Western Midstream Partners Raises $1.2 Billion in Senior Notes to Extend Maturity and Support Growth

WES
December 02, 2025

Western Midstream Partners, LP (WES) completed a $1.2 billion senior notes offering on December 1 2025, issuing two tranches: $600 million of 4.800% notes due 2031 priced at 99.993% of face value, and $600 million of 5.500% notes due 2035 priced at 99.405% of face value. The offering is expected to close on December 4 2025, subject to customary closing conditions.

The proceeds will refinance maturing 4.650% senior notes due 2026, repay outstanding amounts under the company’s commercial paper program—including cash used to fund the October 15 acquisition of Aris Water Solutions—and provide capital for general partnership purposes such as infrastructure expansion. By replacing shorter‑dated debt with longer‑dated notes, WES extends its debt maturity profile while maintaining an investment‑grade balance sheet and a leverage ratio in the low‑3x range for 2025 and 2026.

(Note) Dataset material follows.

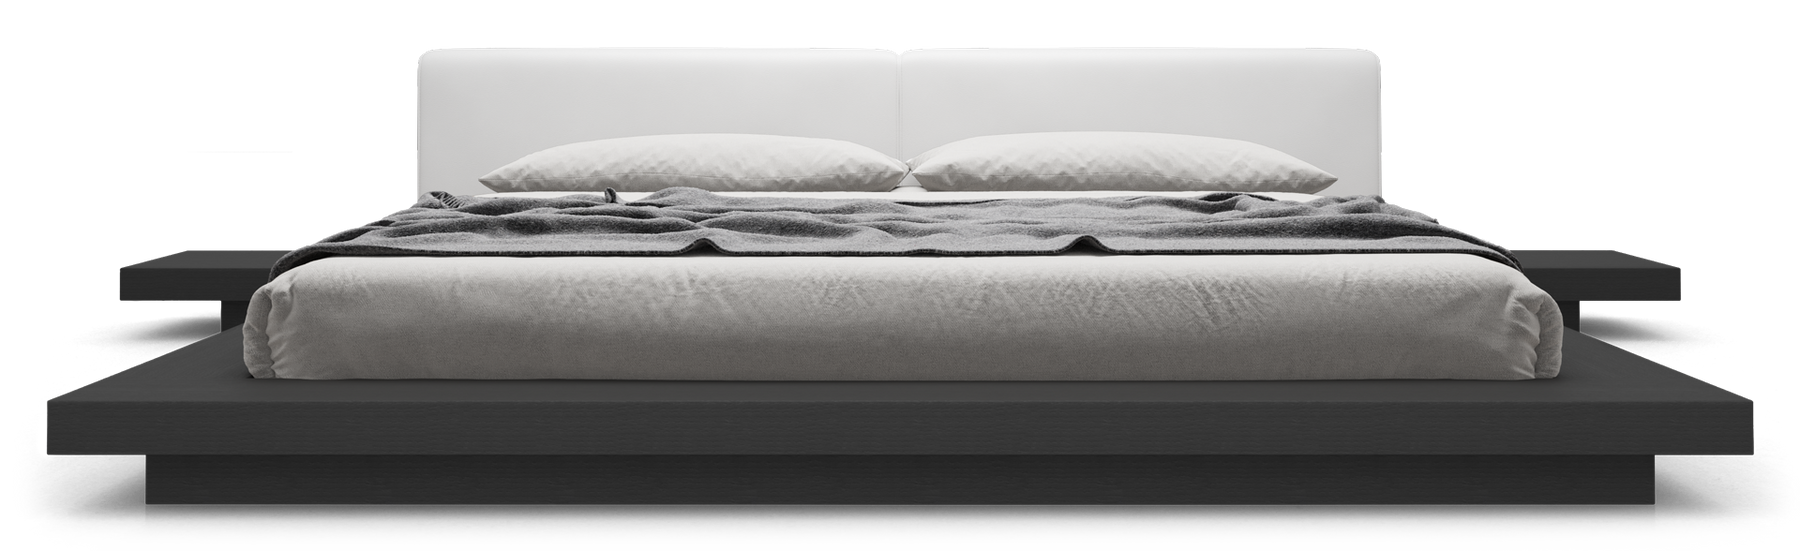 Worth Bed - Modern Beds by Modloft

Although the new notes carry higher coupon rates than the maturing 4.650% notes, the extended maturities and the liquidity they provide are deemed to outweigh the incremental interest expense. The higher rates reflect current market conditions, but the issuance preserves WES’s BBB‑ issue‑level rating from S&P Global and supports the company’s capital‑intensive growth strategy. The financing also cushions the balance sheet against the cash outlay required for the Aris Water acquisition, which added approximately $1.5 billion in equity and $500 million in assumed debt to WES’s portfolio.

The Aris Water acquisition, completed on October 15, expands WES’s footprint in the Delaware Basin’s water midstream services and aligns with the company’s focus on diversified midstream infrastructure. Integrating the acquisition requires significant working capital, and the senior notes offering provides the necessary funding to smooth the transition while keeping leverage manageable. The combined effect of the new debt and the acquisition positions WES to pursue further expansion opportunities without compromising its credit profile.

With the closing scheduled for early December, the senior notes offering represents a strategic step for WES to secure long‑term financing, support recent growth initiatives, and maintain a robust balance sheet in a capital‑intensive industry.